Black people have always been the main target of racism in the U.S. But now, the persistent bias against Latino workers, U.S. and foreign-born, is rising rapidly. Therefore, although chauvinist attacks are accelerating against West Indians, Africans, Arabs and Asians, the demagogues are now whipping up racial prejudices against Latinos in particular to a near-fever pitch. “English only” groups are at work everywhere. Buchanan and his friends scream about “the browning of America” and warn that Latinos are becoming even more numerous than Blacks. Soon, they cry, the old America will disappear, whites will no longer be a majority and English will become a second language. “Immigrant” is now often used as a threatening code-word for Latin Americans.
The Latin American presence in the U.S. is not at all new. Many Mexicans unwillingly became U.S. residents when the U.S. took half of Mexico in the middle of the 19th century. Large-scale immigration from Mexico started during the Mexican Revolution of 1910-20. Puerto Ricans, likewise unwillingly, became part of the U.S. in the 1898 war with Spain: the U.S. conquered Spain’s remaining American and Asian colonies and joined the ranks of modern imperialist nations. In 1917 the U.S. forced citizenship on Puerto Ricans in order to draft them for slaughter in the first imperialist World War.

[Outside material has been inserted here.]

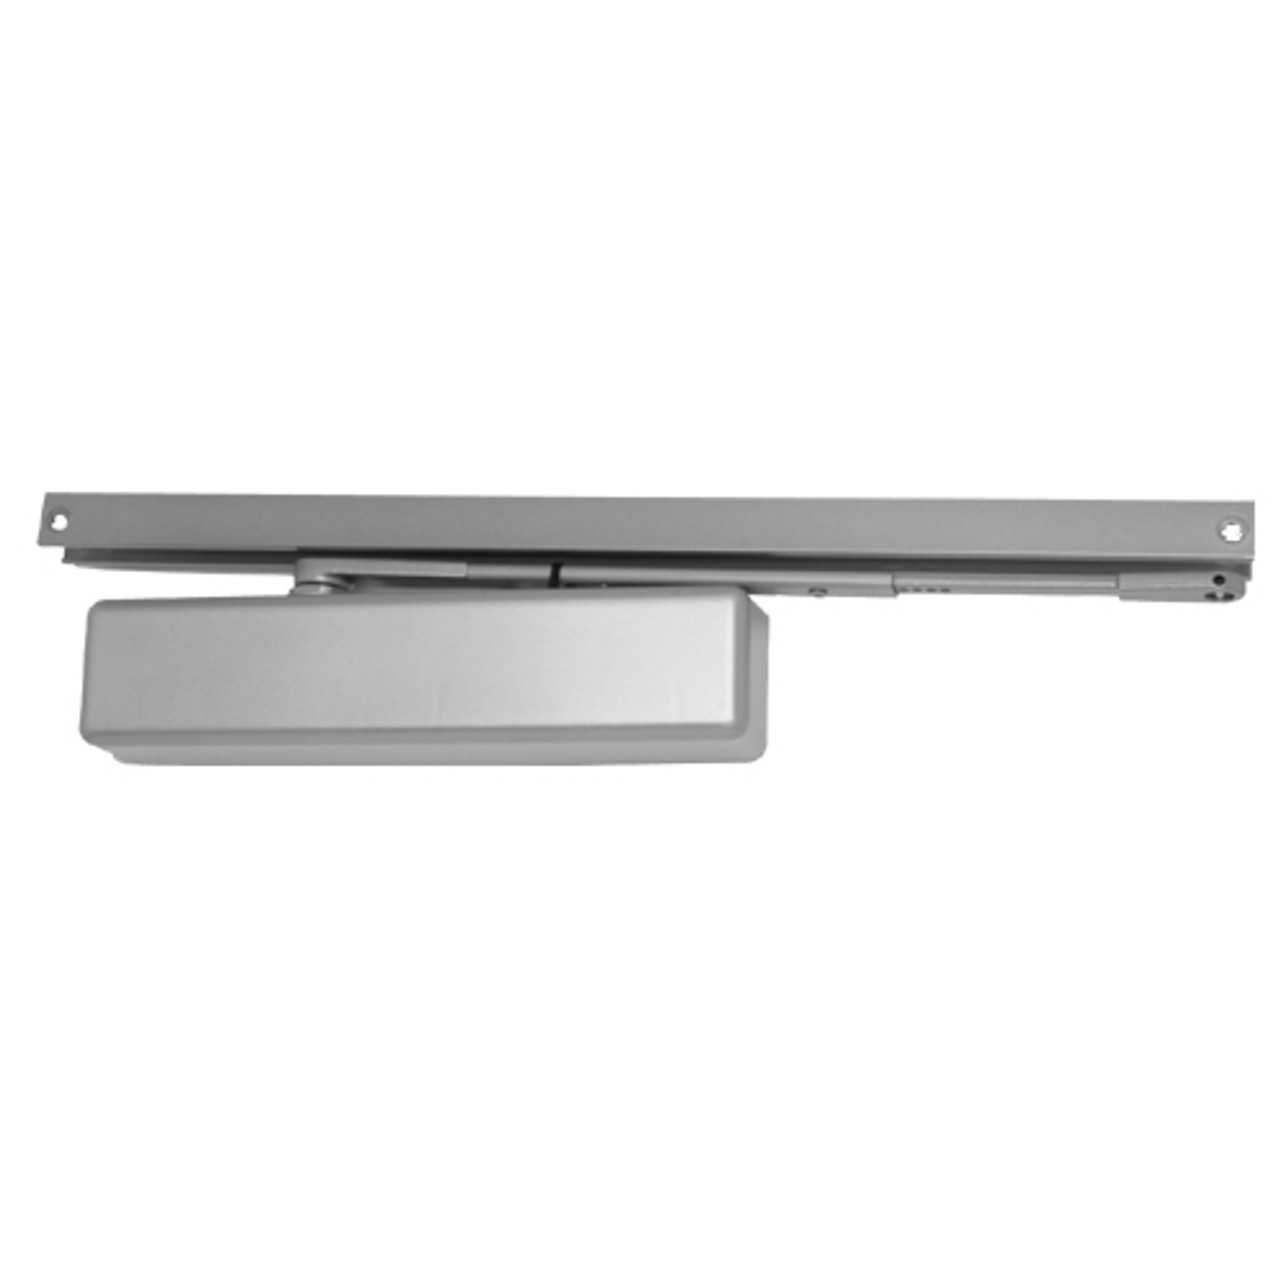 1461T-H-BUMPER-AL-DS LCN Surface Mount Door Closer with Hold Open Track with Bumper in Aluminum Finish
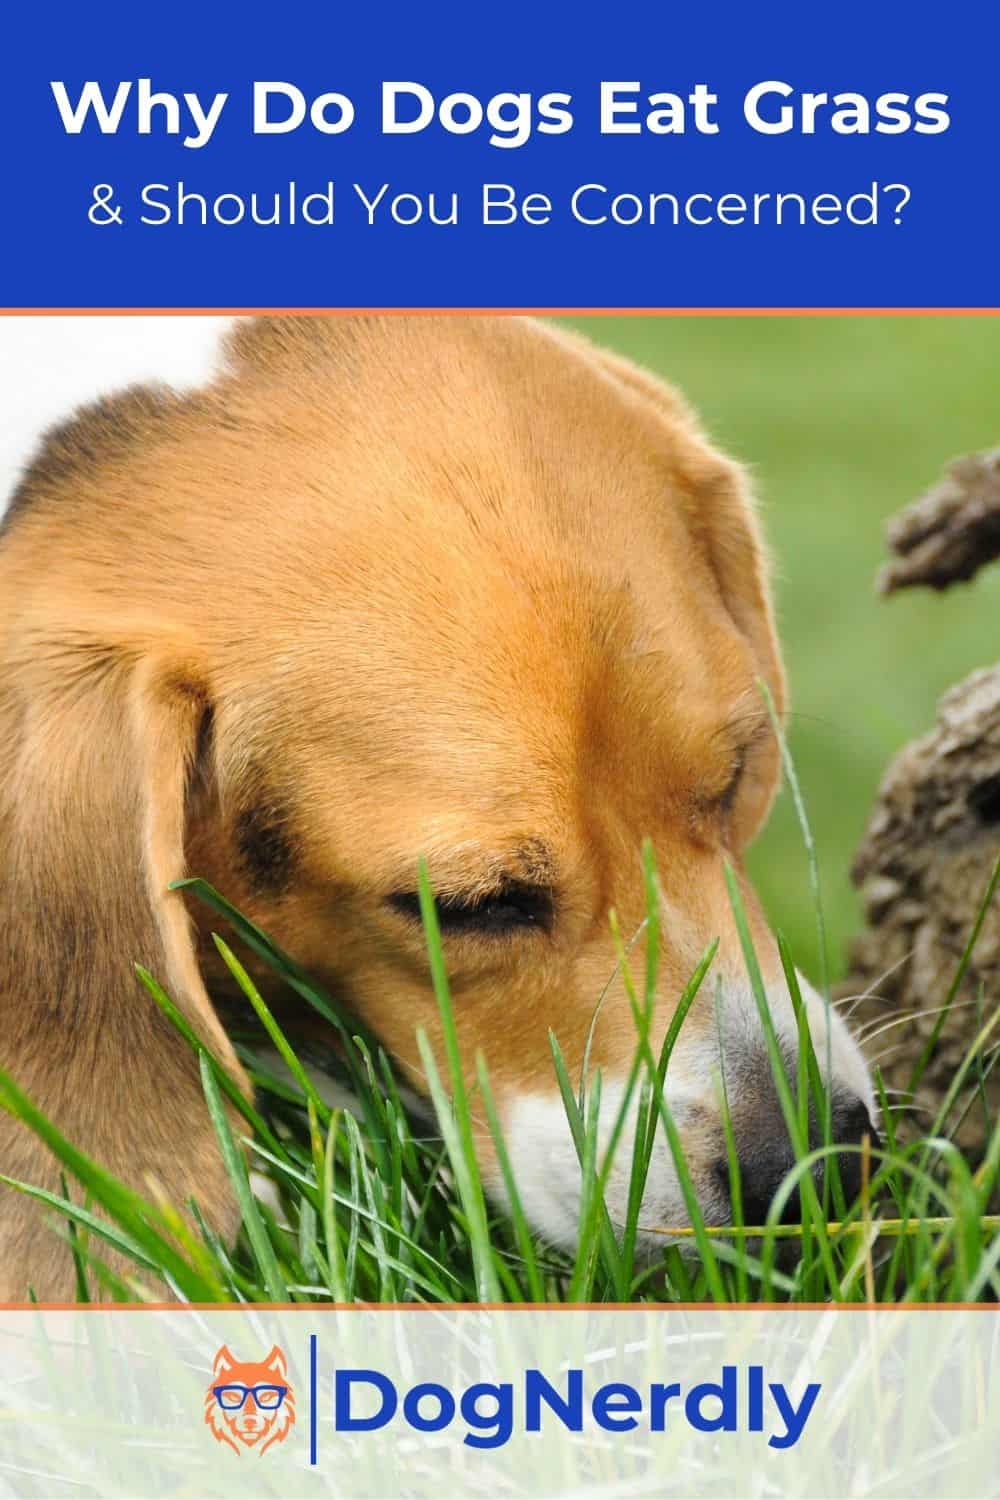 Why Do Dogs Eat Grass and Should You Be Concerned?

The post-war boom produced the greatest wave of international migrations in history. The U.S. and other imperialist countries pulled unskilled labor from their own rural and undeveloped areas into their growing industrial metropolises. So vast was the expansion that they also moved to “import” labor from colonial and neo-colonial countries to help perform the dirty, low-paid jobs. The boom made old restrictions on immigration an obstacle to expanded production; the world colonial revolution and the Cold War rivalry made overt race barriers a liability. In the 1950’s, for example, the U.S. shamefacedly ended the bans on Chinese and other Asian immigration that had been in place since the 1880’s.
Lower-wage manufacturing jobs drew not only Blacks and whites from the South, but also masses from Puerto Rico, to Northeastern and Midwestern cities, where they became a major presence by the mid-’50’s. Mexicans came in increasing numbers, joining the existing Chicano population in the cities and agricultural areas of the Southwest. Soon they migrated in increasing numbers to Midwestern farms and cities where they found themselves working alongside Puerto Ricans. Now U.S. capitalism draws Latin American immigrants of many different nationalities into the lower rungs of its domestic working class, doing the hardest, lowest-paid work and living in some of its worst slums.
Hostility toward Latin Americans, particularly incoming Mexicans, has been most obvious in the Southwest. But similar racism was also directed at Puerto Ricans from the very day of their arrival on the East Coast.
Following the lead of the Black struggles for equality and justice, Mexican and Puerto Rican movements in the late 1960’s and early ’70’s established a Latino tradition of organized mass protest in this country.
The first modern Latino mass movement in the U.S. was the United Farm Workers Organizing Committee (later the United Farm Workers of America), which started in the 1960’s in California. U.S.-born and immigrant farmworkers had no rights under the laws guaranteeing the minimum wage, collective bargaining, the prohibition of child labor or even the presence on work sites of toilet and wash-up facilities. The organizing drive in California’s vineyards aroused great enthusiasm and heroic self-sacrifice from the Chicano, Mexican and Filipino workers. They struck, sat down and picketed while enduring mass firings and attacks by police and private guards. The seasonal and migratory nature of the work made it doubly hard to build stable union locals. And the owners were never shy about turning immigrant organizers in to the U.S. immigration police, “La Migra.”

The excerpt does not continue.